Countering competition: Google model cost-effectiveness contest
At a time when the cost of model development has become a hot topic in the industry, the launch of the open source, low-cost, high-performance DeepSeek – R1 has had an impact on the entire industry.
During the conference call after the release of Google’s fourth quarter 2024 financial report, Pichai, while acknowledging the achievements of DeepSeek, also emphasized that the Gemini series of models are leading in the balance between cost, performance, and latency, and that their overall performance is better than that of DeepSeek’s V3 and R1 models.
From the perspective of the ranking of the LiveBench large model performance benchmark test built by Yang Likun and his team, the overall ranking of Gemini 2.0 Flash is higher than that of DeepSeek V3 and OpenAI’s o1 – mini, but it is behind DeepSeek – R1 and OpenAI’s o1. However, Google’s launch of Gemini 2.0 Flash – Lite is like a trump card. Google hopes to make the latest large models affordable for more people, reduce users’ usage costs, and hopes to occupy a place in the competition between companies for price/performance.
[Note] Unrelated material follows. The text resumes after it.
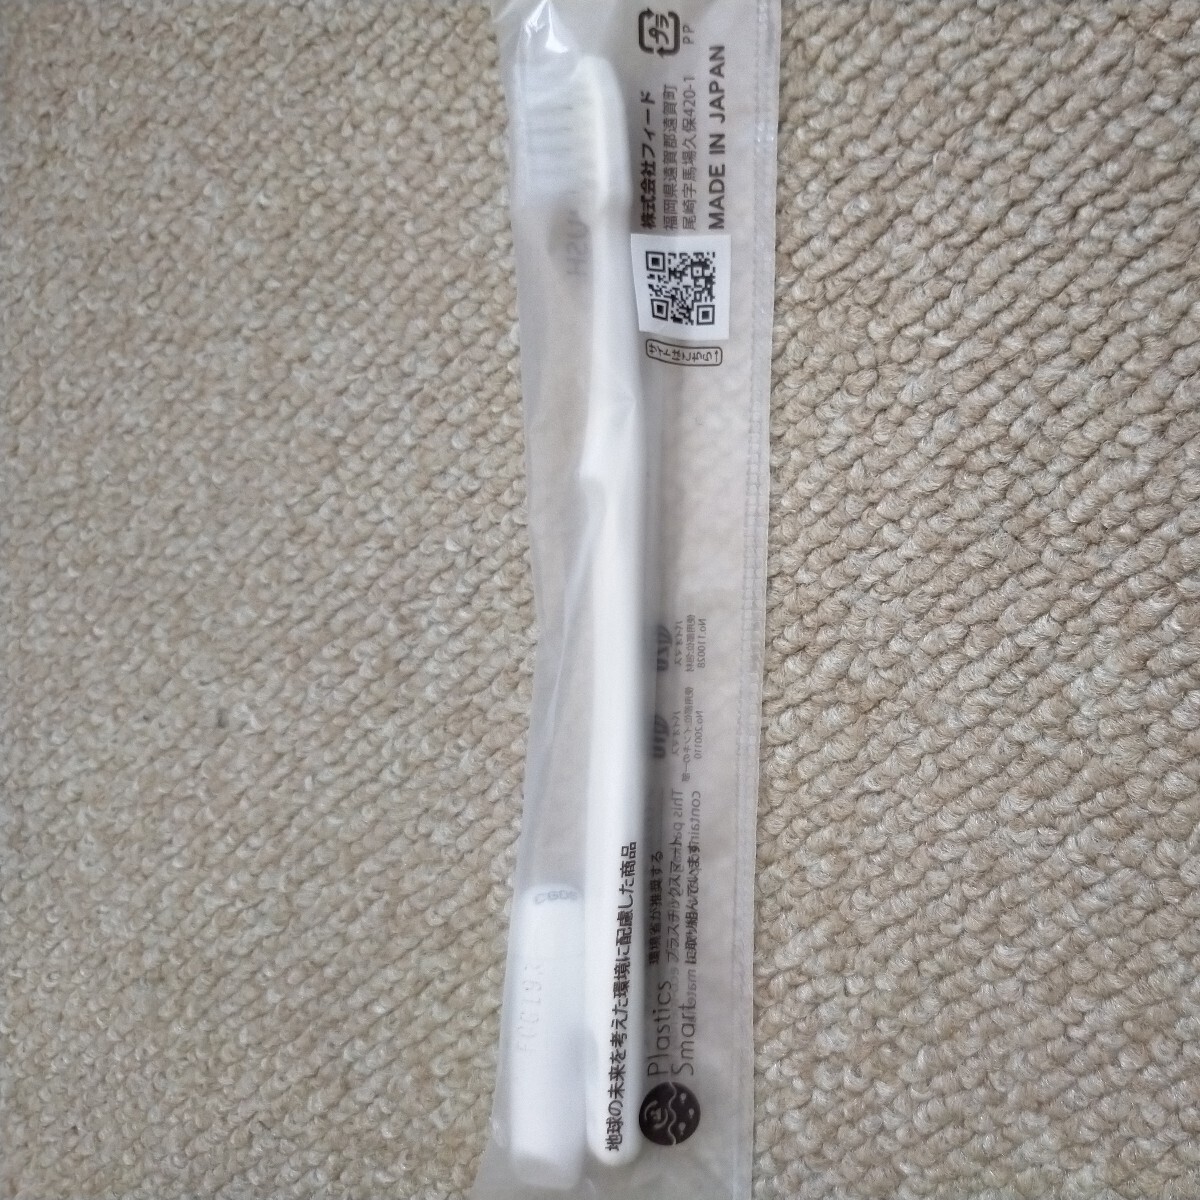  зубная щетка отель amenity 80 шт. комплект одноразовый сделано в Японии

After Google released the latest Gemini 2.0, a netizen began to try and analyze Gemini 2.0 Flash and other popular deepseek and openai GPT-4o models on his own. He found that the new version of Gemini 2.0 Flash outperforms the other two models in terms of both performance and cost. This also gives us a glimpse of Google’s development and evolution, and it’s a good start.
Specifically, Gemini 2.0 Flash costs 0.1 USD per million tokens for input and 0.4 USD for output, both of which are far lower than DeepSeek V3. This is a huge improvement and development. The netizen also pointed out on the X platform: “The official version of Gemini 2.0 Flash costs one-third of GPT-4o-mini, while it is three times as fast.”
A new trend in the large model market: value for money is king
Today, the large model field is caught in a new price war. In the past, the high cost of using large models has created some resistance to their use and promotion. The impact of the price war for large models triggered by DeepSeek on the overseas large model market is still continuing to ferment. At the same time, the open source option has also allowed more users to understand and use the latest large model research results. The open source + low price strategy has also put pressure on many American large model companies.
Google launched Gemini 2.0 Flash-Lite, and OpenAI made the ChatGPT search function freely available to all users, so that users can use the search function to complete more diverse tasks. The Meta internal team is also stepping up research on large model price reduction strategies while promoting the further development of Meta’s open source large models.
In this highly competitive field, no company can sit comfortably in the number one spot. Companies are trying to attract and retain users by improving cost-effectiveness. This trend will help large models move from pure technology development to wider application, and the future large model market will continue to evolve and change in the competition for cost-effectiveness.